Last Updated: Mon Nov 21, 2011 09:47 am (KSA) 06:47 am (GMT)

Will Spain’s Popular Party change ‘hostile’ stance towards Morocco once in power?

In late 2010, hundreds of thousands of Moroccans marched to protest alleged human rights abuses committed by Spain’s opposition Popular Party in the disputed Western Sahara. (Reuters)
In late 2010, hundreds of thousands of Moroccans marched to protest alleged human rights abuses committed by Spain’s opposition Popular Party in the disputed Western Sahara. (Reuters)

Spain’s central-right wing Popular Party, which is expected to win the country’s legislative elections, will likely change its “hostile” stance towards the neighboring kingdom of Morocco once it is in power, political analysts said.

About 36 million Spaniards cast their vote in the country’s national election on Sunday to choose candidates for a 350-member parliament as well as for the 208-member senate after nearly eight years of rule by the Socialist Prime Minister Jose Luis Rodriguez Zapatero.

Spain, which is expected to become the third Eurozone country to change its government in recent weeks, is knee deep in an economic crisis, piled in debt and its unemployment has reached 22 percent.

Taj al-Din al-Hussaini, a Moroccan analyst in international relations and a professor at the University of Rabat, said that the Popular Party’s hold long-time “hostile” policies toward Morocco.

The mere mention of Spain’s conservative party and its leader, Mariano Rajoy, still evokes bad memories in Morocco.

When the Popular Party was ruled under Prime Minister José María Aznar’s administration, military tensions between the two countries were heightened over the disputed small islet of Laila (Perejil in Spanish) in July 2002.

Even when Rajoy took over the Popular Party leadership, the tensions continued when he decided to visit Melilla, another disputed city north of Morocco.
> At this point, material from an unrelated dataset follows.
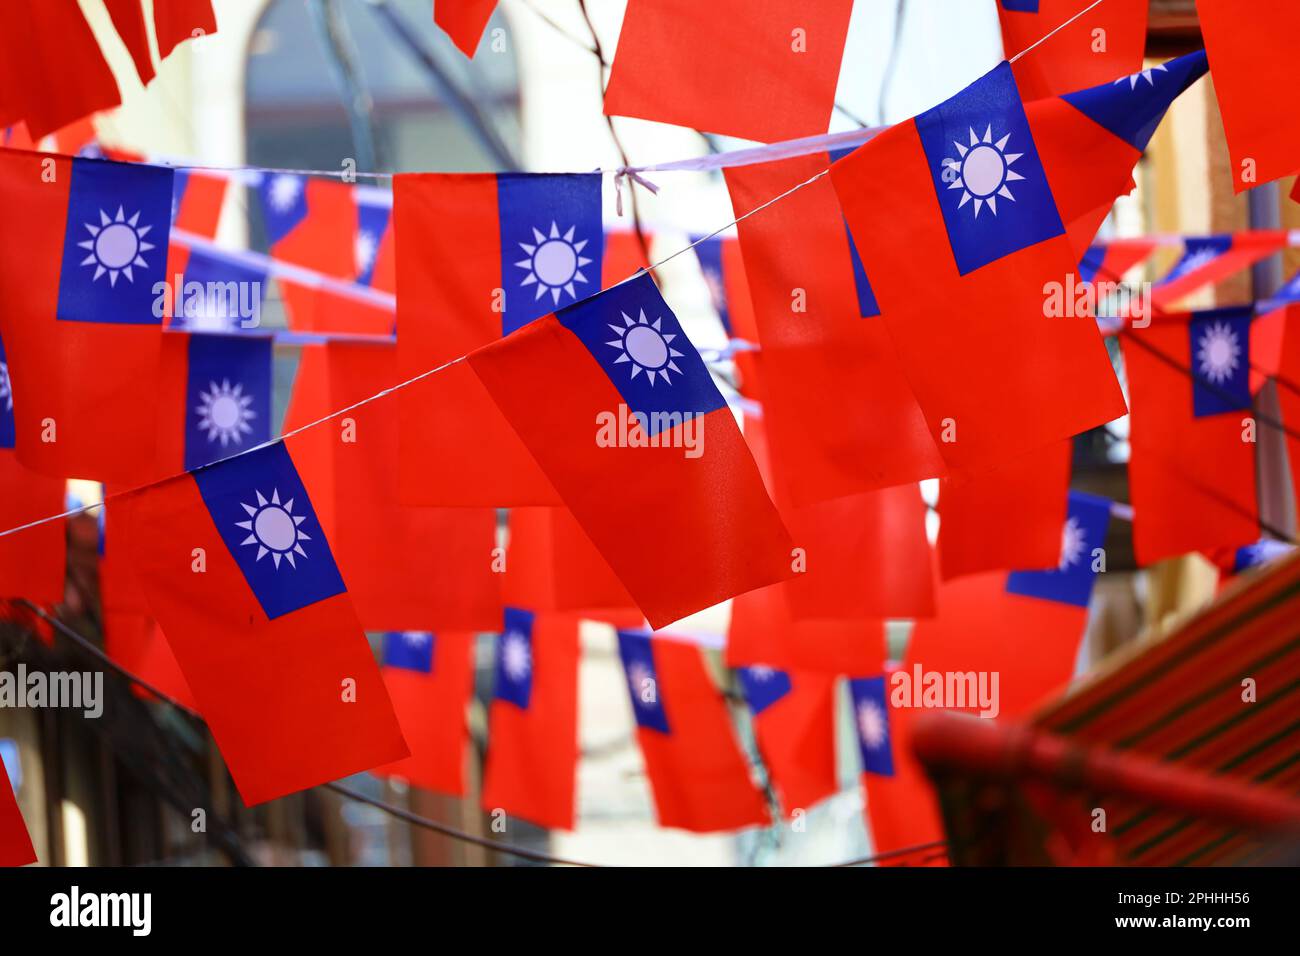 Viele lebendige taiwanesische Flaggen, die in der Seitengasse über dem Kopf dekoriert sind Stockfoto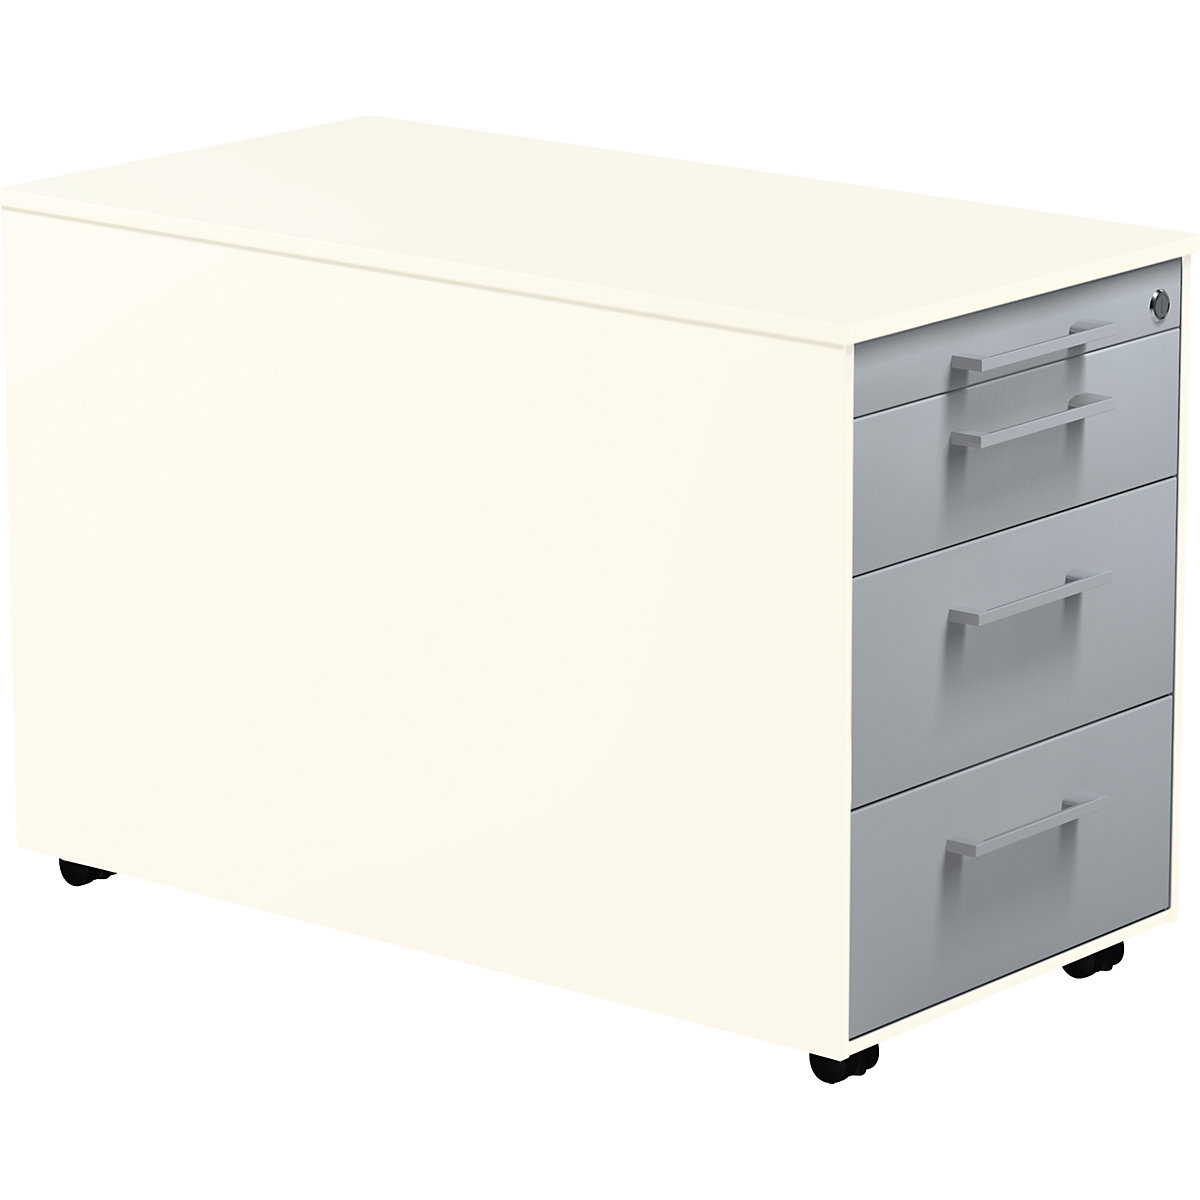 Casetieră cu sertare pe role – mauser, î. x ad. 520 x 800 mm, 3 sertare pentru materiale, alb pur / argintiu aluminiu / alb pur

The visit occurred after the enclave had briefly closed its borders to prevent the entrance of African migrants.

Hussaini said racist attitudes were still prevalent in the conservative party, especially when it comes to Ceuta and Melilla, the two remaining Spanish enclaves in northern Morocco.

But he added there could be a drastic change towards Morocco should they win the election and form the government.

After all, Morocco is the second largest trading partner to Spain after France, and Spain like some other European countries, is embroiled in an economic crisis.
“I expect to see a lot of changes in the Popular Party’s stance, especially when it comes to the agreements that connect both countries in terms of investments and economic relations,” he said.

He added that there are a lot of Spanish real estate companies in Morocco pushing for better relations between the two countries.

Hakim Banizo, a historian and former Moroccan politician, said, “There was no reason to believe that the Popular Party’s negative stances against Morocco will continue; especially since it will be preoccupied with the economic demands of the Spanish people.”

The conservative party won’t be able to fulfill its economic promises, according to Banizo.

The conservative party has also worked to dispel Morocco’s fear that it will stave off any tensions similar to those during Aznar’s rule. Rajoy recently said that “Morocco and Spain will always stay as neighbors,” and continued hailing Morocco’s progress in human rights and its ardent desire to achieve economic progress.

Observers have also said that it is customary for any new government in Spain to visit Morocco in its first foreign visit.